Magnetic therapy is being embraced by a large population of the world, especially in Japan. In most of these instances, permanent magnets are used. There, little if any, clinical verification of the efficacy of these therapies. What had been found useful was the use of electromagnets for treating specific illnesses. One of them is depression.
Electromagnetic brain stimulation of varying types has been used with success in the treatment of depression. Previous research has shown that cranioelectrical stimulation using electrodes on both sides of the scalp were a safe and effective treatment for depression, and raised serotonin levels just like Prozac, but did it quicker and without any side effects.

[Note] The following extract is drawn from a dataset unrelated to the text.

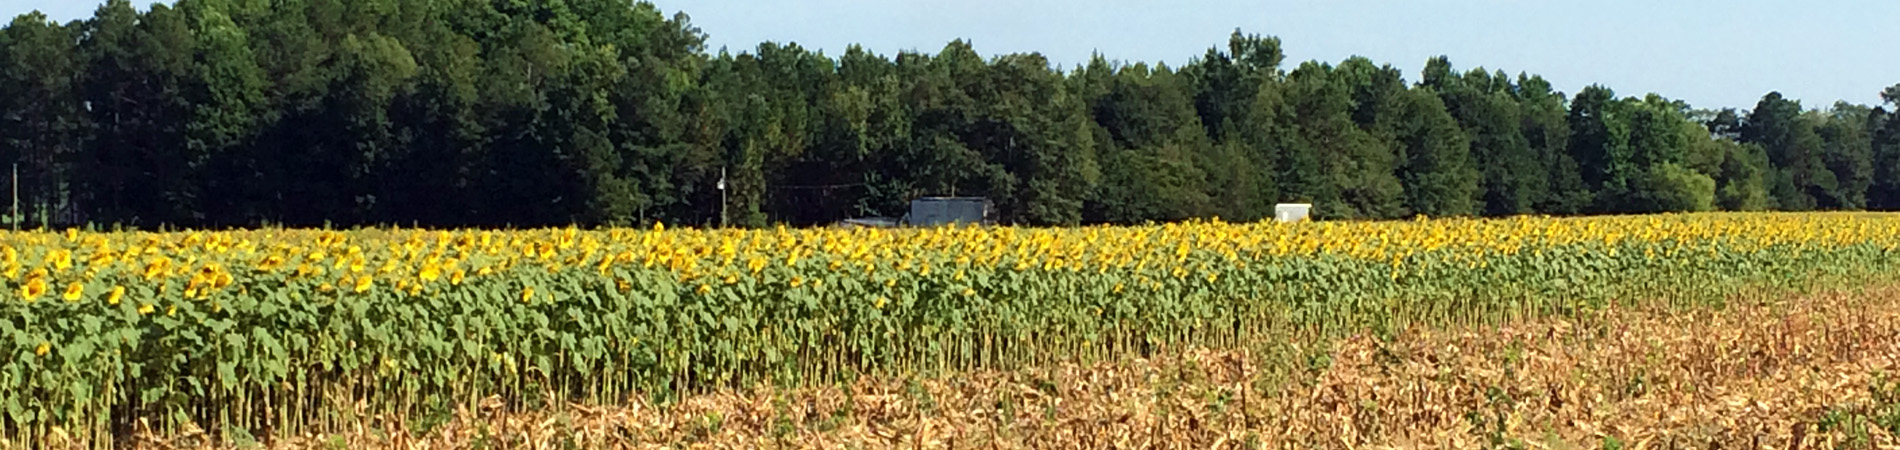 Sunflowers in Dove Field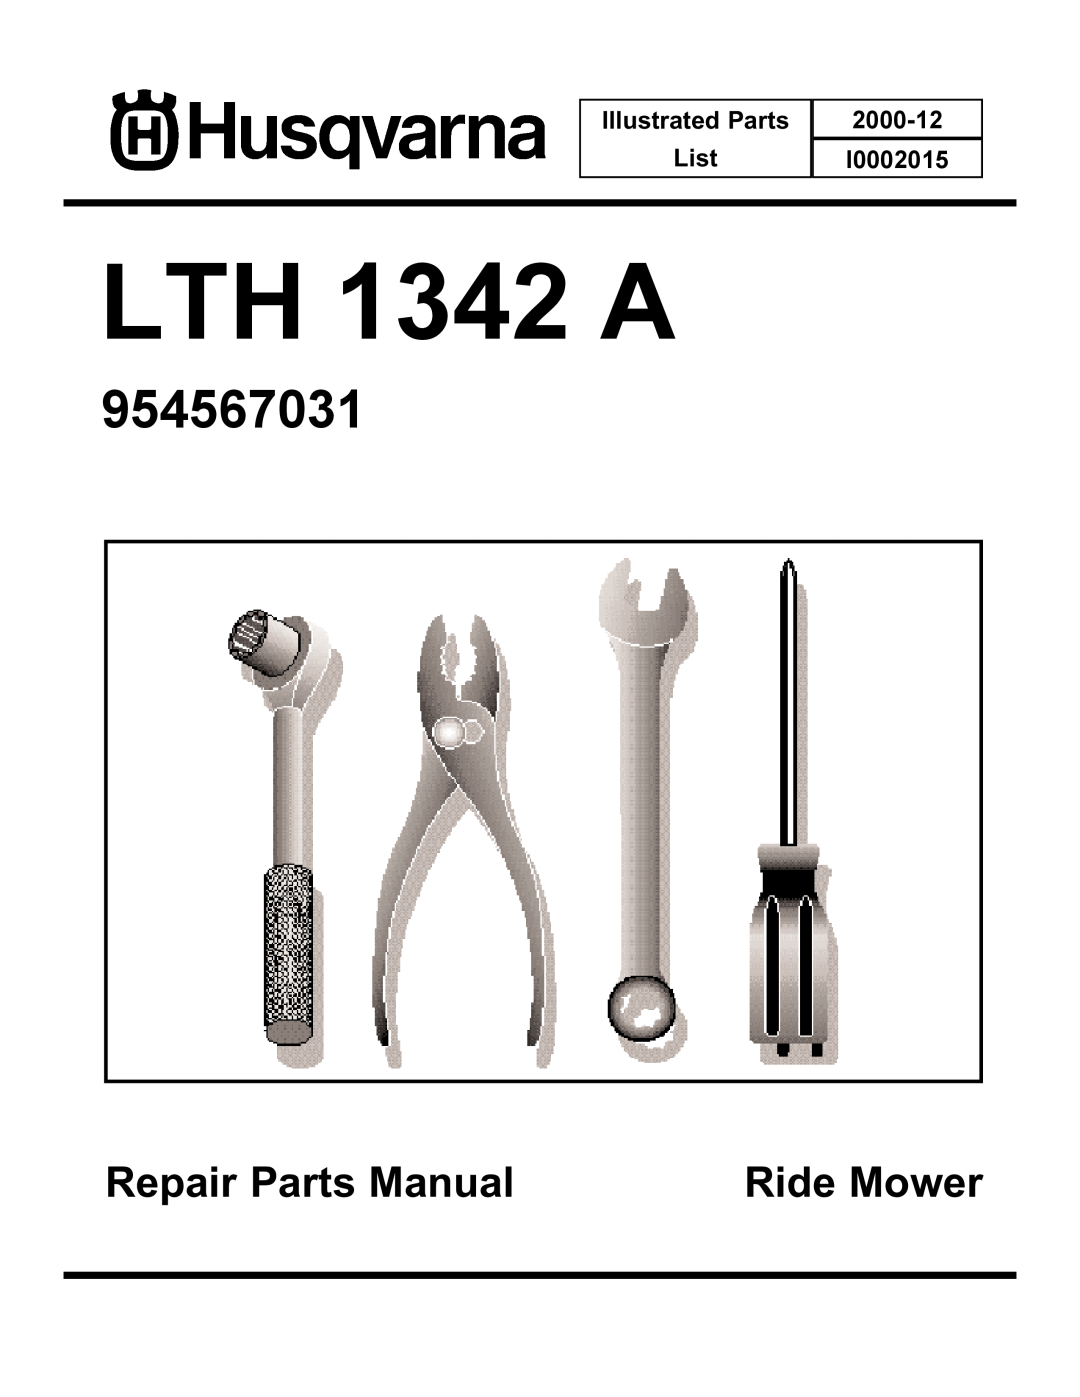 Husqvarna LTH1342A manual LTH 1342 A, 954567031, Repair Parts Manual, Ride Mower, Illustrated Parts List, 2000-12 I0002015

A new form of electronic stimulation for depression called RTMS (repetitive transcranial magnetic stimulation) is receiving increased interest from scientists for the treatment of depression. RTMS uses a hand-held device aimed at a specific area of the brain shown to have an energy disturbance. Using this technique, the therapist can focus or aim the electromagnetic energy and the stimulation at precise points on the brain. It uses a hand-held device. It has been found to be extremely effective in depressed patients who were resistant to drug treatment. It is safe and painless, producing quick results in patients resistant to drug therapy.
Studies at NIMH/NIH
Magnetic stimulation of the brain's left prefrontal cortex may help some depressed patients in much the same way as electroconvulsive therapy (ECT), but without its side effects, suggested a preliminary study by Mark George, M.D., of the National Institute of Mental Health (NIMH), Eric Wassermann, M.D., National Institute on Neurological Disorders and Stroke (NINDS), and NIH colleagues.
They found that two of six medication-resistant patients showed marked mood improvement after treatment with repetitive Transcranial Magnetic Stimulation (rTMS) over several days. One of the two responders, a middle-aged woman, reported feeling well for the first time in three years. Two other patients experienced slight mood improvement and two no improvement following the experimental procedure, which employs an electromagnetic coil that induces a current in the brain's cortex.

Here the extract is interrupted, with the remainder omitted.